Unlike other companies, Google’s trial experience is limited to one item at a time. So, for example, if a consumer buys a pair of ASOS heels, they can’t also put the shirt of their choice on their digital avatar.

The experience appears to be another game of personalization as big tech companies continue to advance their AI-driven offerings and consumers shift their purchasing habits.

First look announced this week that it is allowing “major retailers” to beta test a new conversational AI co-pilot it calls Ellis.

First Insight hasn’t revealed which of its customers have started participating in the beta test, but it is partnering with companies like Under Armour, Kohl’s, Francesca’s and Marks & Spencer.

Ellis is intended to help brands and retailers with scenario planning, leveraging predictive analytics and natural language processing (NLP) to provide real-time insights that can shorten the decision process.

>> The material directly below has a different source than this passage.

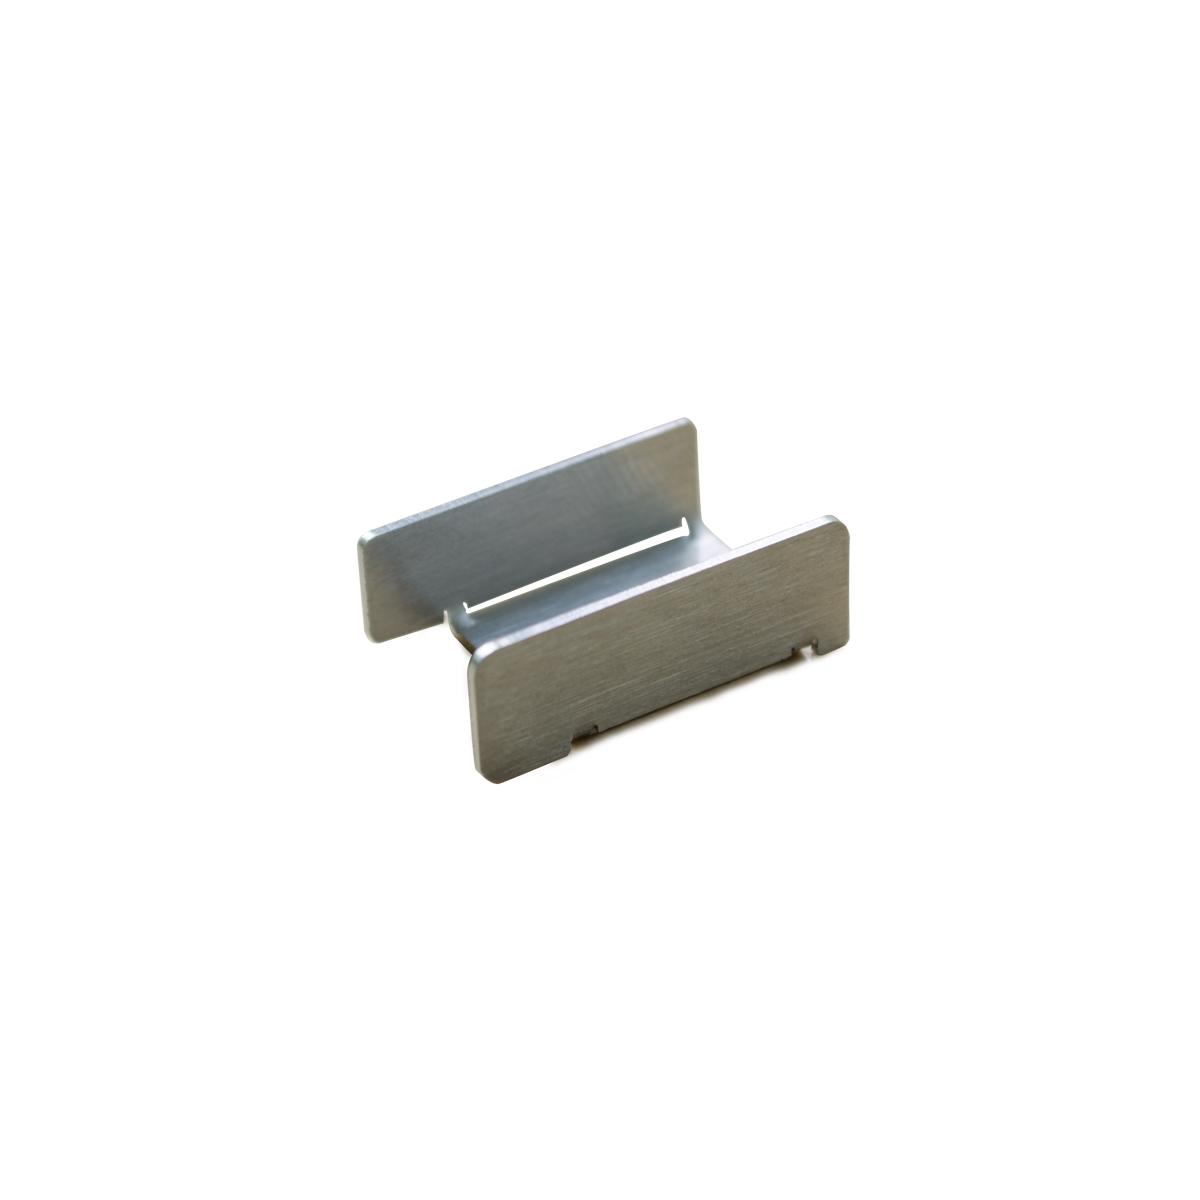 Profili per gradini Accessori Stairtec FIT Profilitec

First Insight said Ellis can leverage internal data to help planners, merchandisers and other retail professionals ensure their assortments match consumers’ interests and expectations; understand the best price for specific items; forecast demand; align marketing spend and campaigns with sales goals; reduce time to market and much more.

First Insight is testing the tool as retailers head into the holiday season, which is one of the most critical times of the calendar year for the industry. This is especially true as the macroeconomic environment fluctuates and vacation spending among certain generations, particularly Gen Z, is expected to decline.

Greg Petro, CEO of First Insight, said the tool will help brands and retailers integrate data into many of the decisions they make, which can enrich the decision and provide solid reasoning for their actions, rather than making decisions based solely on intuition and historical spending habits.

“Retail no longer wins on intuition,” Petro said in a statement. “Ellis turns signals into decisions (on products, pricing and promotions) when retailers need them most and with competitive insight never before available. It’s about speed with confidence: protecting margins, finding growth and staying in step with customers as they evolve.”